In response to the bullet found in the District 300 high school, authorities combed through video footage of the hallway, searched all of the lockers in the immediate area of that hallway with Chester and police, and went through backpacks belonging to the students who have lockers in that area.
They also discussed any rumors about anyone trying to hurt someone else. Authorities were never able to find out to whom the bullet belonged.
When the district matches a bullet to a student, disciplinary action follows, whether it's ordering the student to undergo random searches, telling parents and police, and noting the behavior in the student's file.
Kane County sheriff's Lt. Pat Gengler noted that police have similar reactions to reports of guns and bullets.
"If there's a bullet here, is there a gun? Usually when you find one, you find the other, so we're going to keep looking to make sure that wasn't the case," he said.
Administrators do not treat bullets with the same severity as they would a gun.
"If we found a gun, that is an expellable offense," District 300's Chester said. "A gun is completely out of the league of just finding a bullet in a school."
In Elgin Area District U-46, the punishment is contingent on a number of factors, Heiderscheit said. "You have to look at the totality of the circumstances," he said. "It depends on what the evidence shows and if there was a threat aligned.
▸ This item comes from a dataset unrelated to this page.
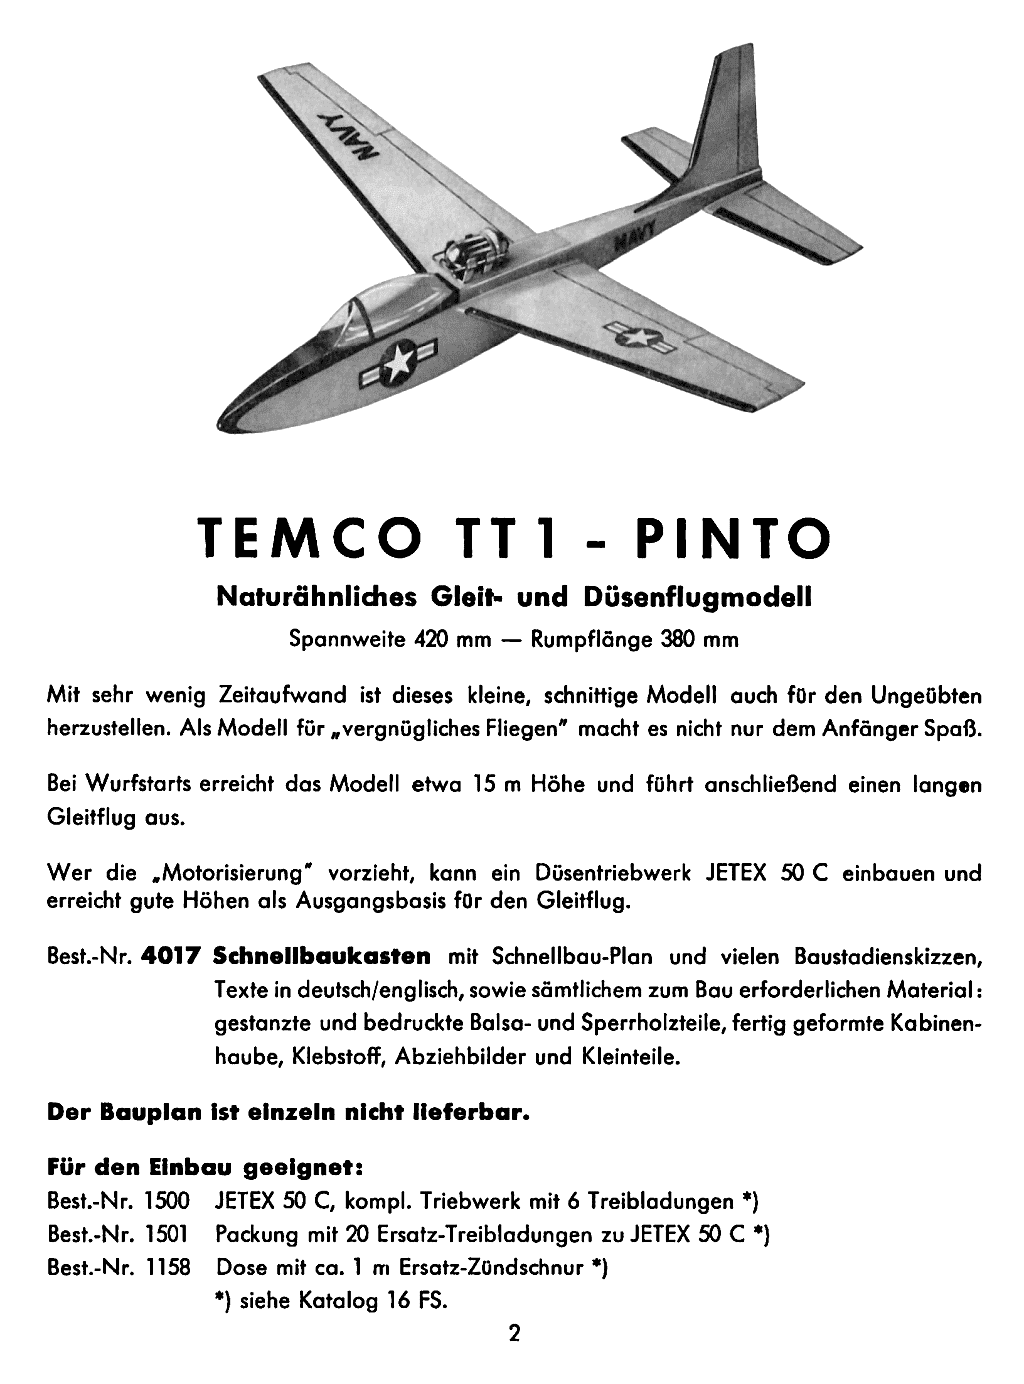 Graupner_N62_Temco_Pinto_k.png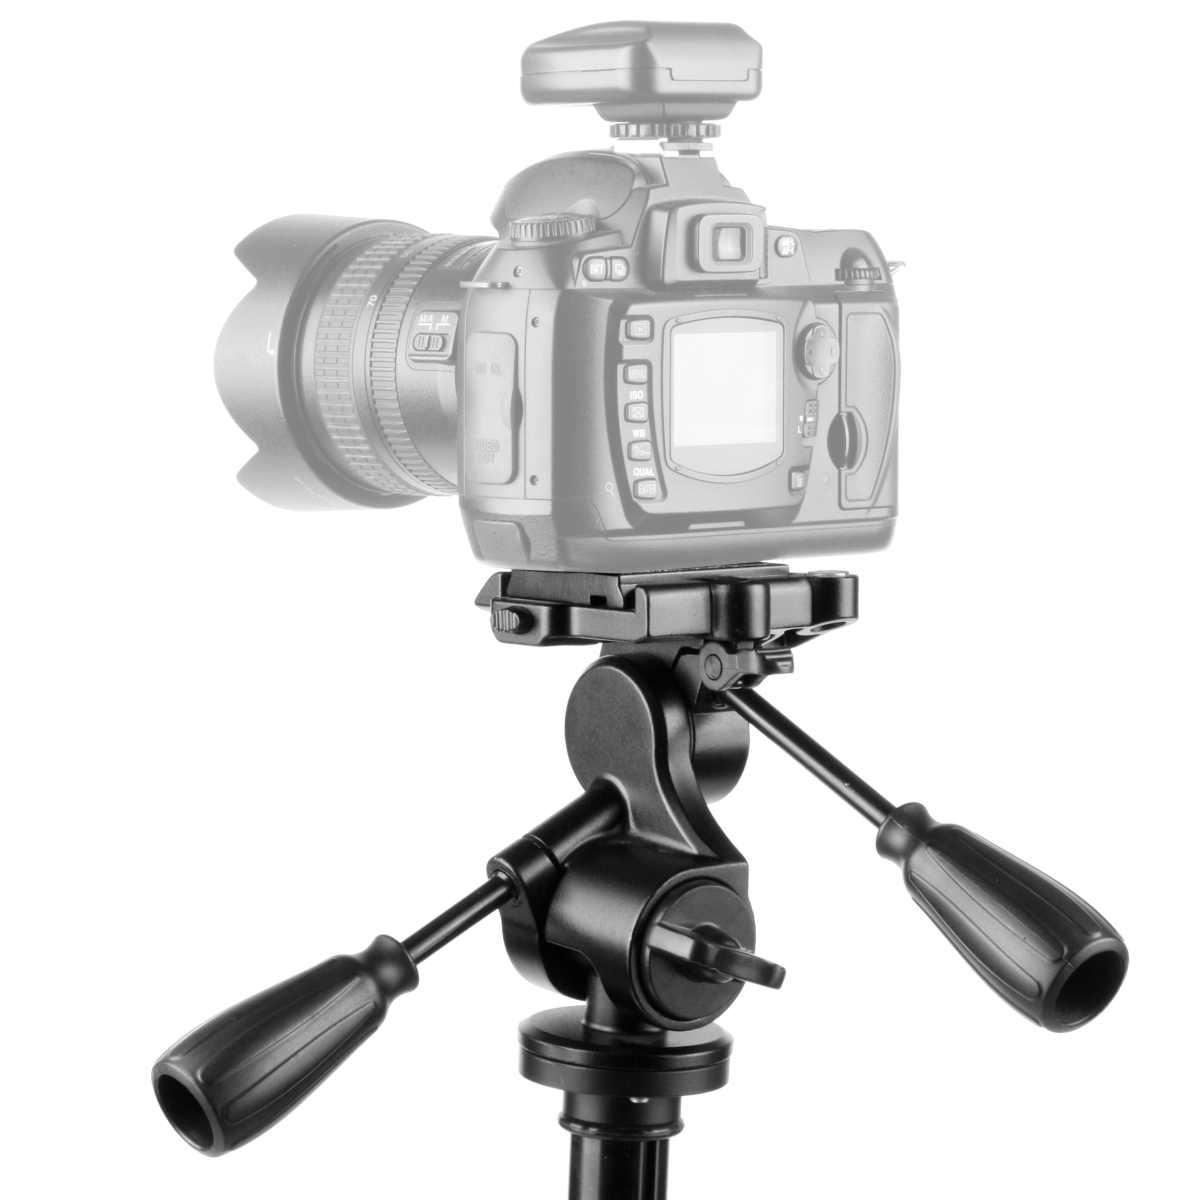 Walimex pro FT-6653H Aluminum Pro 3D Panhead

That is different from if a student brought it in to show off, though there would be action one way or another."
If it's found that a student brought the bullets to the schools in District 301, the student, depending on his or her age, could face charges in the juvenile court system, Gengler said.
If so, police would work with the student and the district and focus on rehabilitation to ensure it doesn't happen again.
"Let's say this was a second-grader. They're too young to charge with a criminal offense," Gengler said. "I can't arrest a second-grader. A second-grader probably doesn't understand what they did. They may understand it's wrong, but they may not understand the legal ramifications."